对 IoT Edge 上的实时视频分析进行故障排除Troubleshoot Live Video Analytics on IoT Edge

本文介绍对 Azure IoT Edge 上的实时视频分析 (LVA) 进行故障排除的步骤。This article covers troubleshooting steps for Live Video Analytics (LVA) on Azure IoT Edge.

排查部署问题Troubleshoot deployment issues

诊断Diagnostics

在部署实时视频分析的过程中,需设置 Azure 资源,如 IoT 中心和 IoT Edge 设备。As part of your Live Video Analytics deployment, you set up Azure resources such as IoT Hub and IoT Edge devices. 作为诊断问题的第一步,请务必确保按照以下说明正确设置 Edge 设备:As a first step to diagnosing problems, always ensure that the Edge device is properly set up by following these instructions:

  1. 运行 check 命令Run the check command.
  2. 检查 IoT Edge 版本Check your IoT Edge version.
  3. 检查 IoT Edge 安全管理器的状态及其日志Check the status of the IoT Edge security manager and its logs.
  4. 查看经过 IoT Edge 中心的消息View the messages that are going through the IoT Edge hub.
  5. 重启容器Restart containers.
  6. 检查防火墙和端口配置规则Check your firewall and port configuration rules.

部署前的问题Pre-deployment issues

如果边缘基础结构正常,则可以查找部署清单文件的问题。If the edge infrastructure is fine, you can look for issues with the deployment manifest file. 若要在 IoT Edge 设备上与任何其他 IoT 模块一起部署 IoT Edge 模块上的实时视频分析,请使用包含 IoT Edge 中心、IoT Edge 代理和其他模块及其属性的部署清单。To deploy the Live Video Analytics on IoT Edge module on the IoT Edge device alongside any other IoT modules, you use a deployment manifest that contains the IoT Edge hub, IoT Edge agent, and other modules and their properties. 如果 JSON 代码格式不正确,则可能会收到以下错误:If the JSON code isn't well formed, you might receive the following error:

az iot edge set-modules --hub-name <iot-hub-name> --device-id lva-sample-device --content <path-to-deployment_manifest.json>

未能分析参数“content”的文件“”中的 JSON,出现异常:“额外数据:第 101 行第 1 列 (char 5325)”Failed to parse JSON from file: '' for argument 'content' with exception: "Extra data: line 101 column 1 (char 5325)"

如果遇到此错误,建议检查 JSON 中是否缺少括号或存在文件结构的其他问题。If you encounter this error, we recommend that you check the JSON for missing brackets or other issues with the structure of the file. 可以使用客户端(如 Notepad++ 与 JSON Viewer 插件)或联机工具(如 JSON Formatter & Validator)来验证文件结构。To validate the file structure, you can use a client such as the Notepad++ with JSON Viewer plug-in or an online tool such as the JSON Formatter & Validator.

在部署期间:用媒体图直接方法诊断During deployment: Diagnose with media graph direct methods

在 IoT Edge 设备上正确部署 IoT Edge 模块上的实时视频分析后,可以通过调用直接方法来创建和运行媒体图。
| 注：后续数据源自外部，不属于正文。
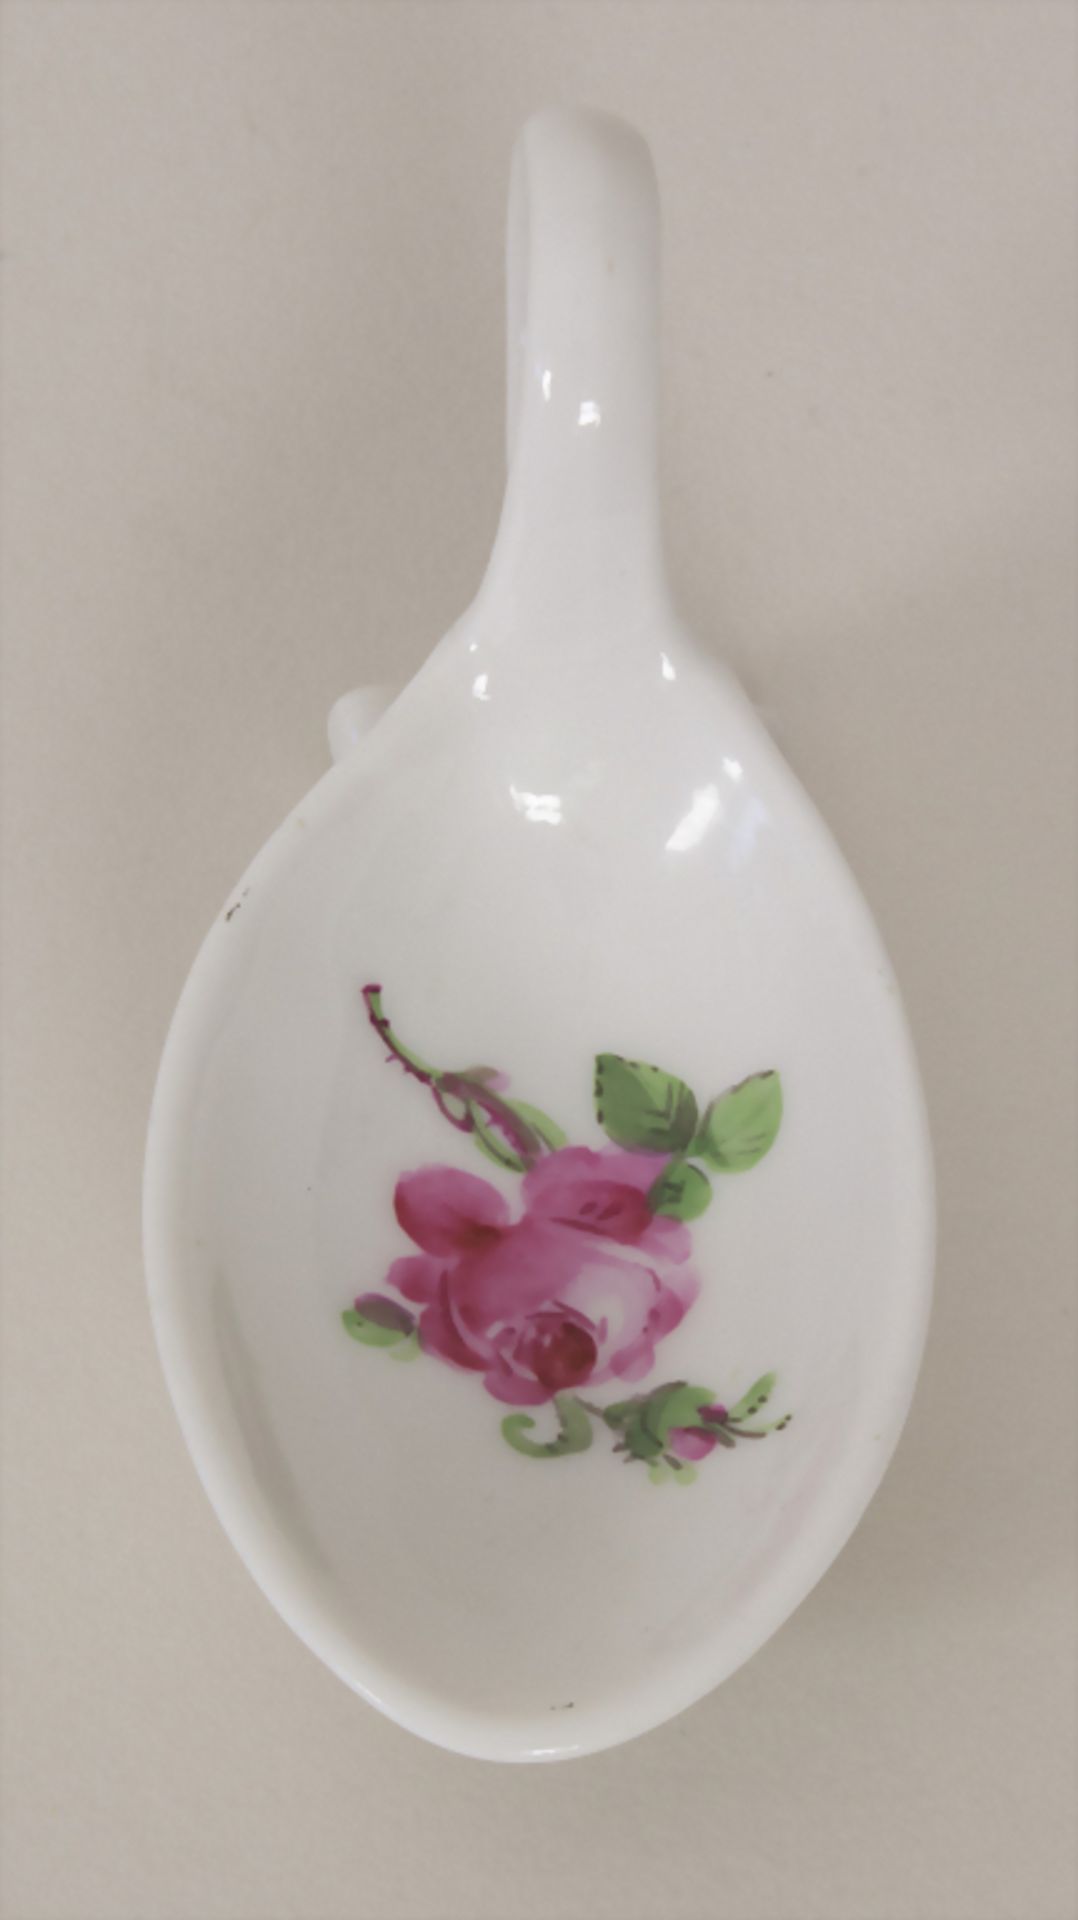 Seltener Löffel 'Rote Rose' / A rare spoon with rose pattern, Meissen, Mitte 19. Jh.M - Image 2 of 5
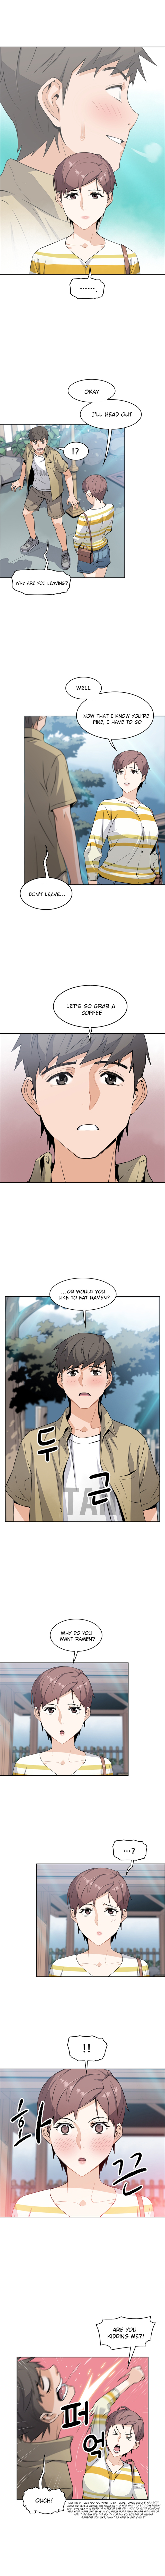 Housekeeper Manhwa - Chapter 3 Page 5

After the Live Video Analytics on IoT Edge module is deployed correctly on the IoT Edge device, you can create and run the media graph by invoking direct methods. 可以使用 Azure 门户通过直接方法来运行媒体图诊断:You can use the Azure portal to run a diagnosis of the media graph via direct methods:

  1. 在 Azure 门户中,转到连接到 IoT Edge 设备的 IoT 中心。In the Azure portal, go to the IoT hub that's connected to your IoT Edge device.

  2. 查找“自动设备管理”,然后选择“IoT Edge” 。Look for Automatic device management, and then select IoT Edge.

  3. 在 Edge 设备列表中,选择要诊断的设备。In the list of Edge devices, select the device that you want to diagnose.

    显示 Edge 设备列表的 Azure 门户的屏幕截图

  4. 检查响应代码是否为 200-OK。Check to see whether the response code is 200-OK. IoT Edge 运行时的其他响应代码包括:Other response codes for the IoT Edge runtime include:

    • 400 - 部署配置格式不正确或无效。400 - The deployment configuration is malformed or invalid.
    • 417 - 没有为设备设置部署配置。417 - The device doesn't have a deployment configuration set.
    • 412 - 部署配置中的架构版本无效。412 - The schema version in the deployment configuration is invalid.
    • 406 - IoT Edge 设备脱机或不发送状态报告。406 - The IoT Edge device is offline or not sending status reports.
    • 500 - IoT Edge 运行时中出现了一个错误。500 - An error occurred in the IoT Edge runtime.
  5. 如果收到状态 501 代码,请检查以确保直接方法名称正确。If you get a status 501 code, check to ensure that the direct method name is accurate. 如果方法名称和请求有效负载准确,则应获得结果,并显示成功代码 =200。If the method name and request payload are accurate, you should get results along with success code =200. 如果请求有效负载不准确,将显示状态 =400 以及指示错误代码和消息的响应有效负载,这些错误代码和消息应该有助于诊断直接方法调用的问题。If the request payload is inaccurate, you will get a status =400 and a response payload that indicates error code and message that should help with diagnosing the issue with your direct method call.

    • 检查报告的属性和所需属性有助于了解模块属性是否已与部署同步。Checking on reported and desired properties can help you understand whether the module properties have synced with the deployment. 如果没有,可以重启 IoT Edge 设备。If they haven't, you can restart your IoT Edge device.

    • 使用直接方法指南来调用一些方法,尤其是一些简单的方法,如 GraphTopologyList。Use the Direct methods guide to call a few methods, especially simple ones such as GraphTopologyList. 本指南还指定了所需的请求和响应有效负载以及错误代码。The guide also specifies expected request and response payloads and error codes. 简单的直接方法成功后,可以确保实时视频分析 IoT Edge 模块功能正常。After the simple direct methods are successful, you can be assured that the Live Video Analytics IoT Edge module is functionally OK.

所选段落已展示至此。